Things are pretty tangled here:  paramsubst() calls fetchvalue().  In
${v[1]} the entire reference is handled by fetchvalue().  In $v[1],
the $v is handled by fetchvalue() and then the [1] is handled by
paramsubst().  So it ends up being treated as $a[2,3][1], which
produces the same error.  I can't immediately think of any way to fix
that without breaking something else ... ideally we'd make $a[2,3][1]
work instead, but that's a pretty large change.
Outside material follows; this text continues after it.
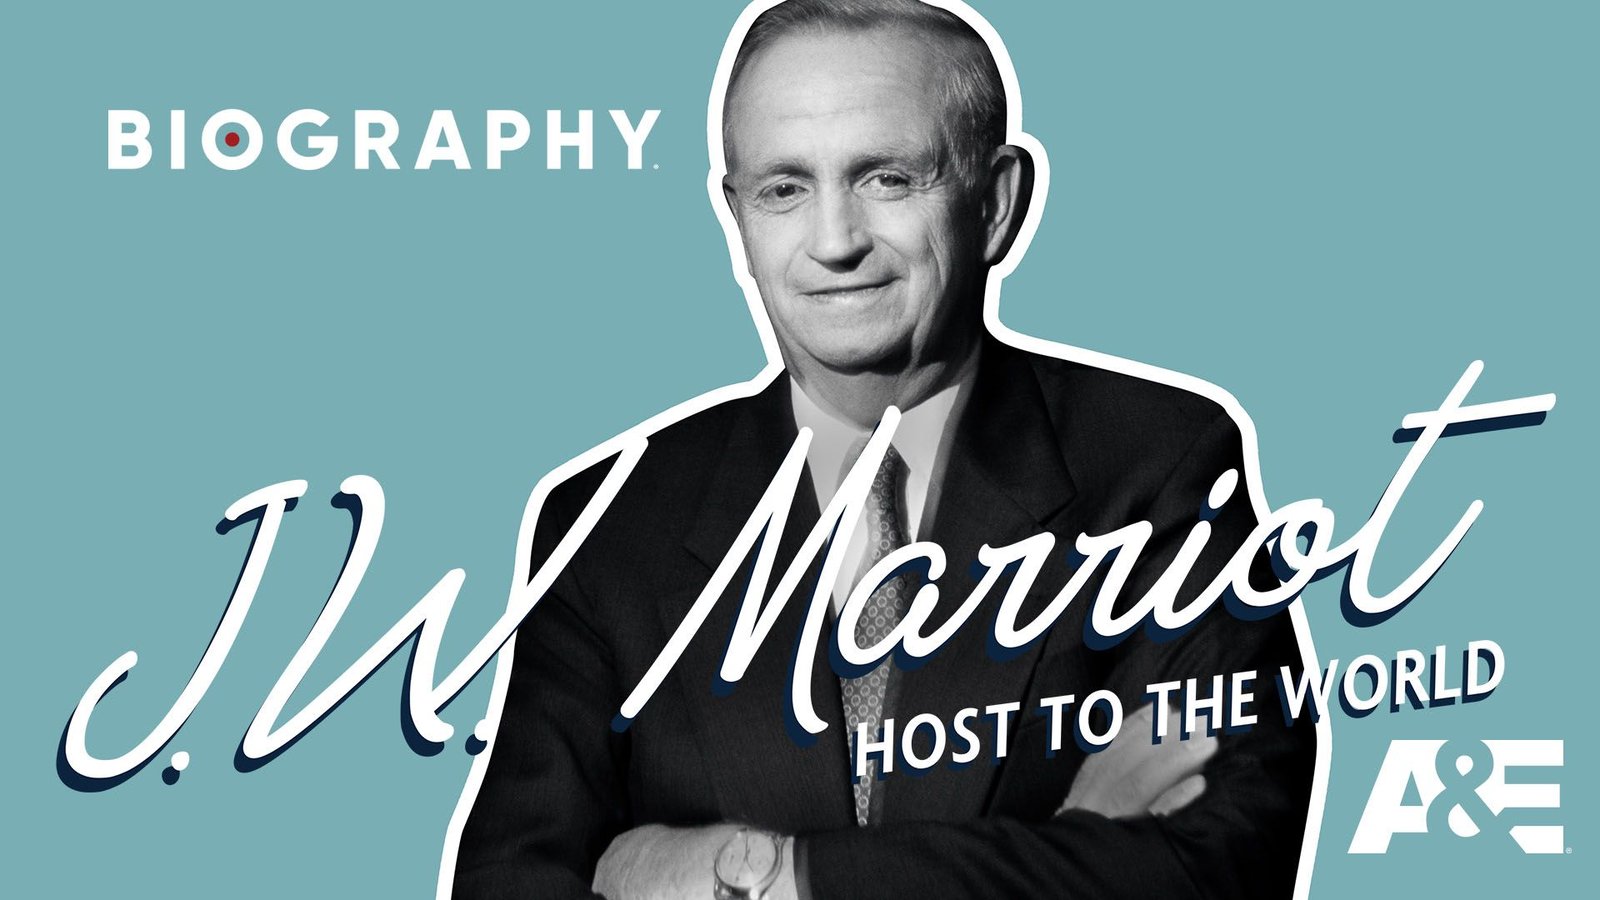 J.W. Marriott: Host To the World

In the assignment case ...

> $ f() { typeset -nu v=$1; v[1]=foo; }

... the left side of the assignment is interpreted more like ${v[1]}
than like $v[1], so everything "works."  I guess one must remember
that omitting the braces around subscript expansions has always been a
shortcut rather than "the right way to do it".  The braces are
required for correct handling of namespaces, too.

> $ a=12345
> $ f 'a[2,3]'
> $ echo $a
> 1foo45
>
> In that one could expect the first character of the "23"
> substring to be changed

I say "more like" above because:

% a[2,3][1]=b
zsh: no matches found: a[2,3][1]=b
% typeset 'a[2,3][1]'=c
zsh: not an identifier: a[2,3][1]

So using a nameref that way is rather a back door around the check for
identifiers.

This is an interesting variation:

% f() { typeset -n x='v[2]'; typeset -nu v=$1; x=foo; typeset -p v x }
% f 'a[2,3]'
typeset -un v='afoo2,3]'
typeset -n x='v[2]'

So chaining subscripted namerefs isn't really working, probably
because of something similar to the paramsubst()/fetchvalue() division
of labor just mentioned.